Factors in Determining an Alzheimer's Disease Dementia Diagnosis

  • Signs and symptoms that a person experiences are the most helpful in determining the cause of one’s memory and thinking changes. Assessing this will usually involve tests of memory and other aspects of thinking that can be administered in a doctor’s office.   
  • Basic blood tests should be done to rule out other medical problems or vitamin deficiencies that may be affecting a person’s brain function. Newer blood tests are emerging that may be helpful in the diagnostic process.  
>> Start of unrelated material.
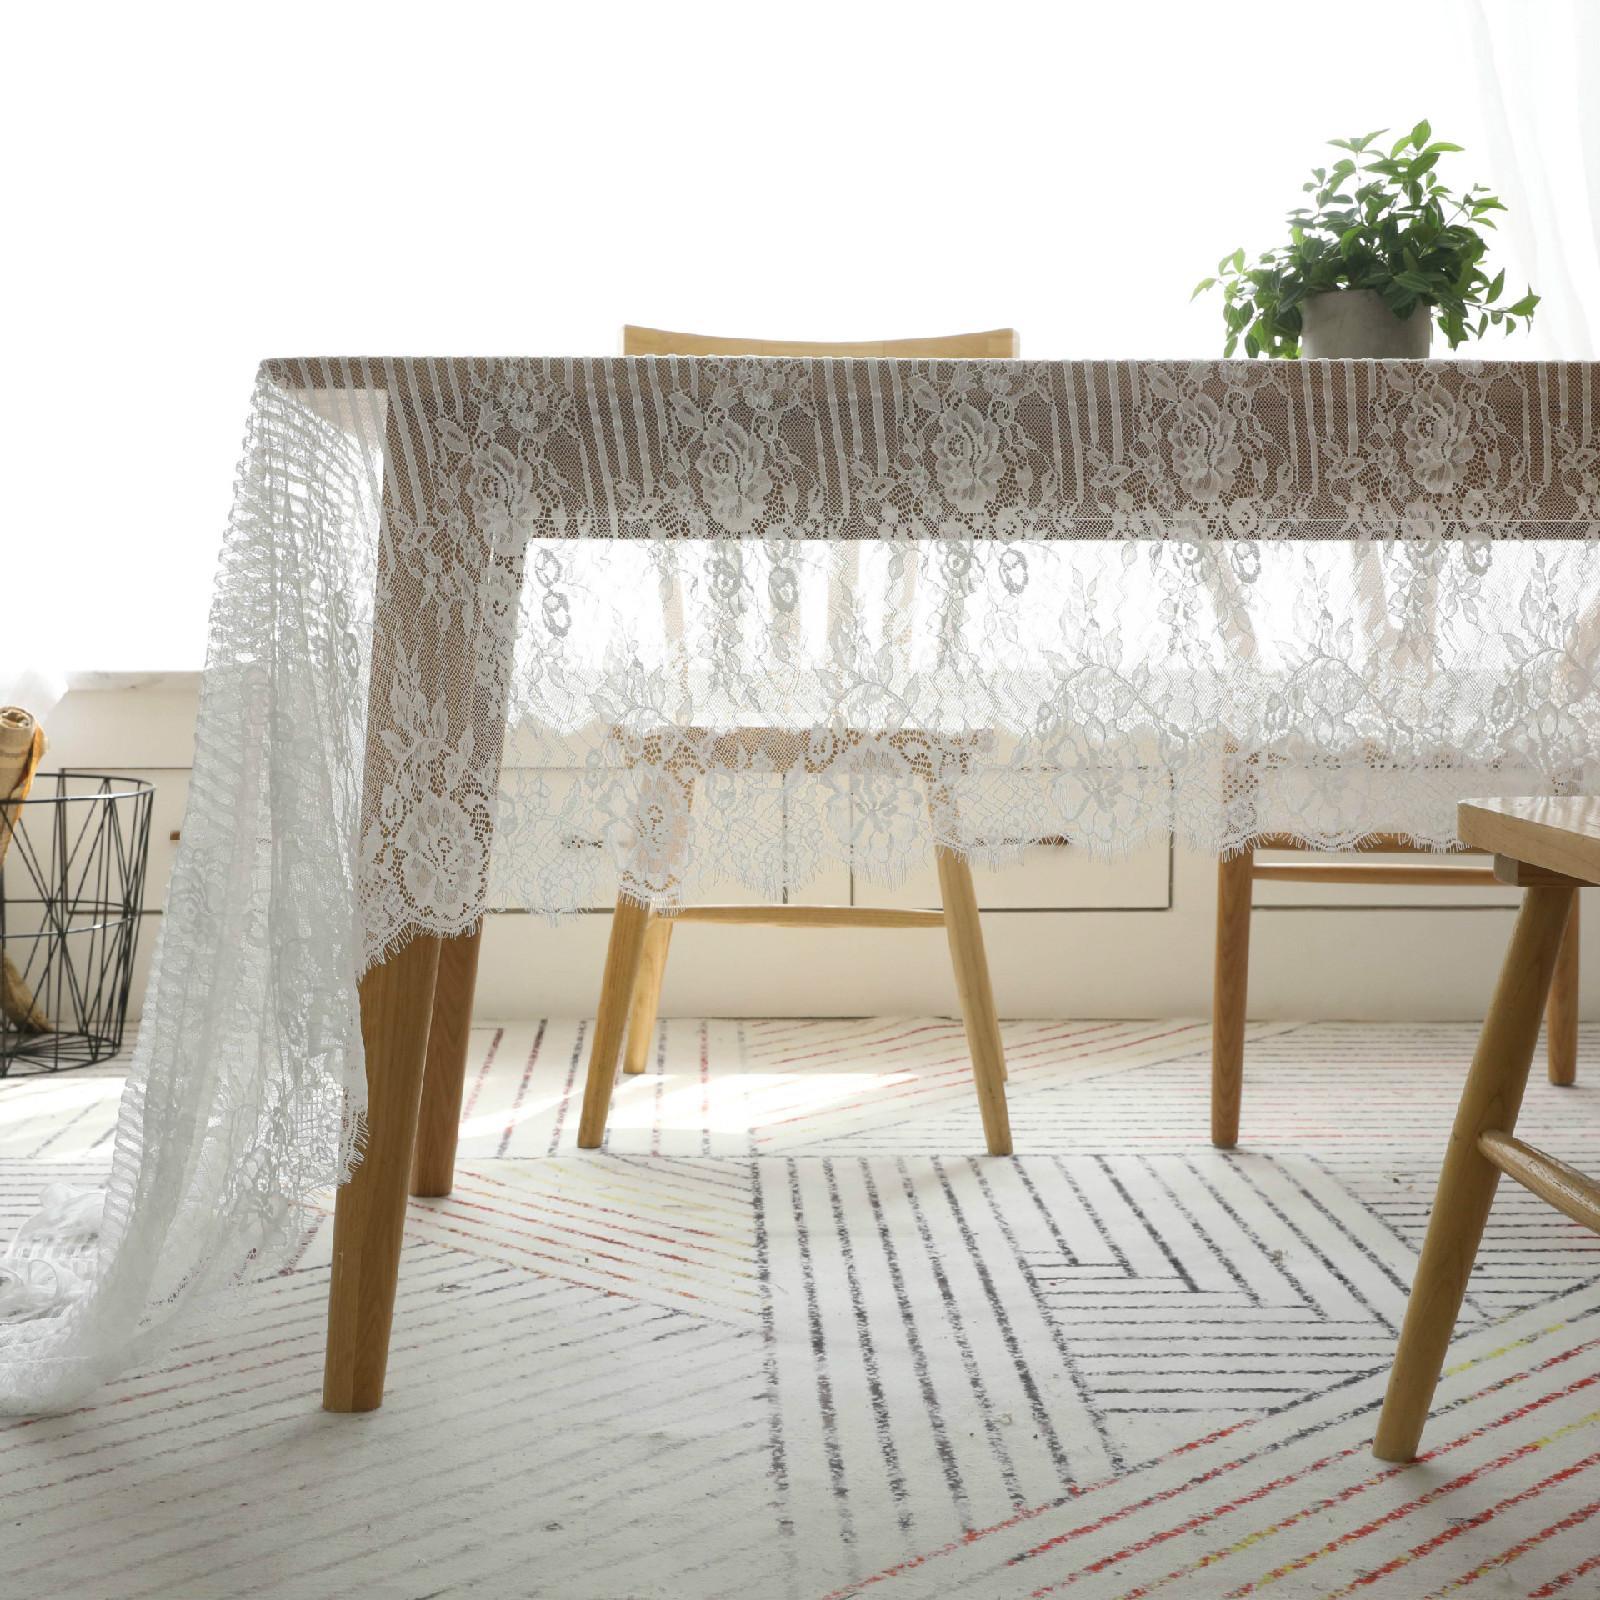 Blumen-Spitze-Tabellen-Tuch Durchlässiger Tee und Kaffee Tischdecke weißen Streifen-Mode-Kunst Bar Tischtuch
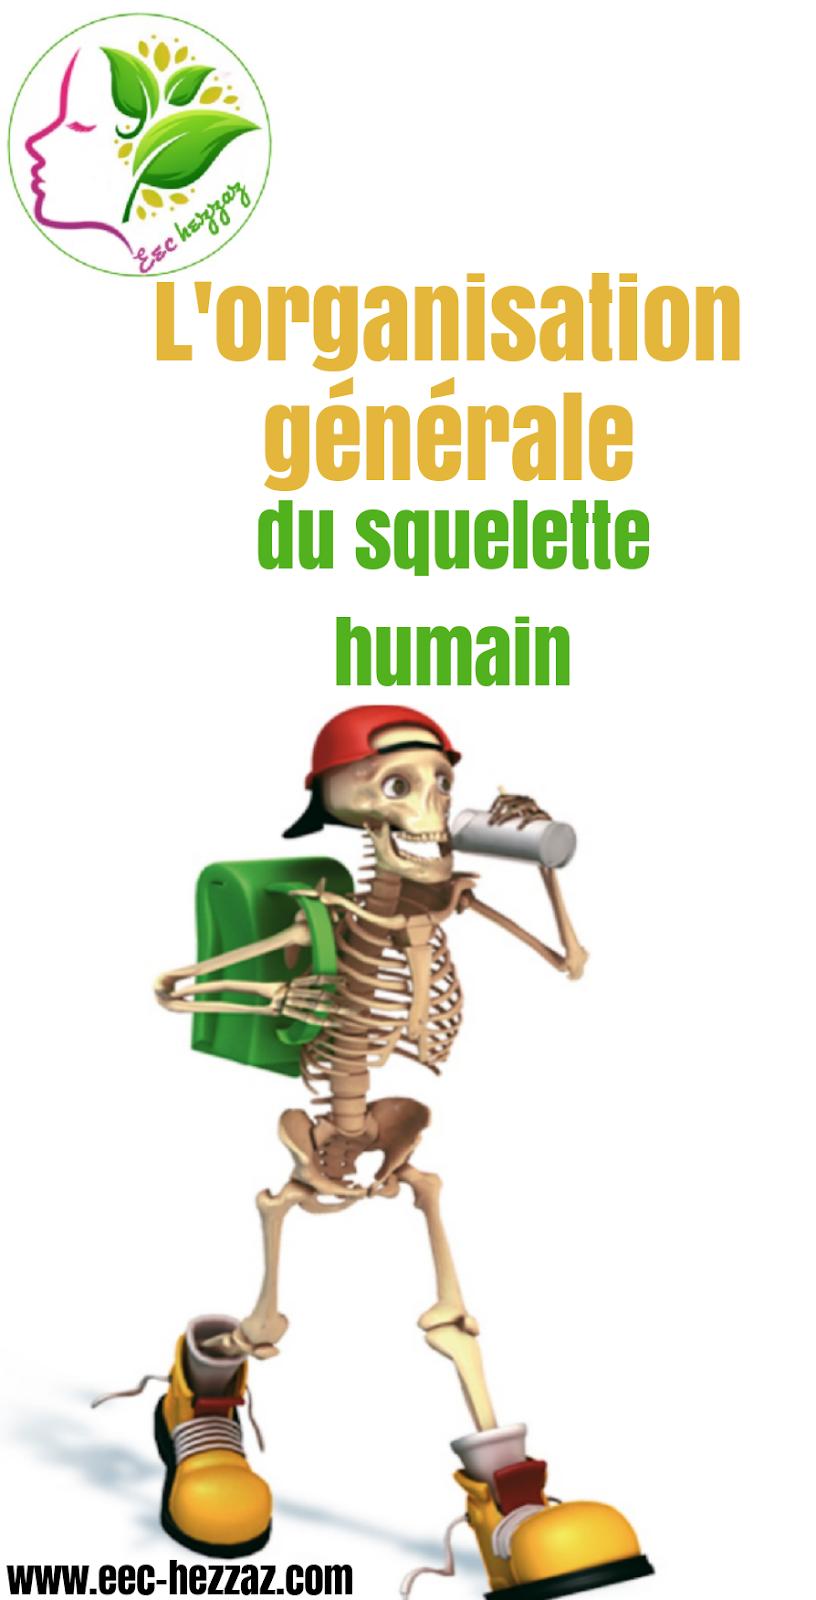 L'organisation générale du squelette humain

  • Special imaging of the brain such as MRI (magnetic resonance imaging) is also often an important test to rule out uncommon things like tumors, but also more common things like small strokes or changes caused by chronic vascular disease. MRI can also reveal patterns of atrophy (shrinkage) of the brain that may be more suggestive of neurodegenerative disease over other causes. 
Additionally, there are newer tests that may assist in determining the likely underlying neuropathology responsible for the symptoms. These include amyloid and tau PET imaging and lumbar puncture (spinal tap) to examine protein levels in cerebrospinal fluid (CSF) as well as emerging blood based biomarkers. These tests are increasingly being used to identify the presence of abnormal proteins accumulating in the brain. These procedures may not be covered by insurance and may not be appropriate for everyone. Scientists are working to identify new reliable biomarkers. The Mesulam Center is actively involved in these studies.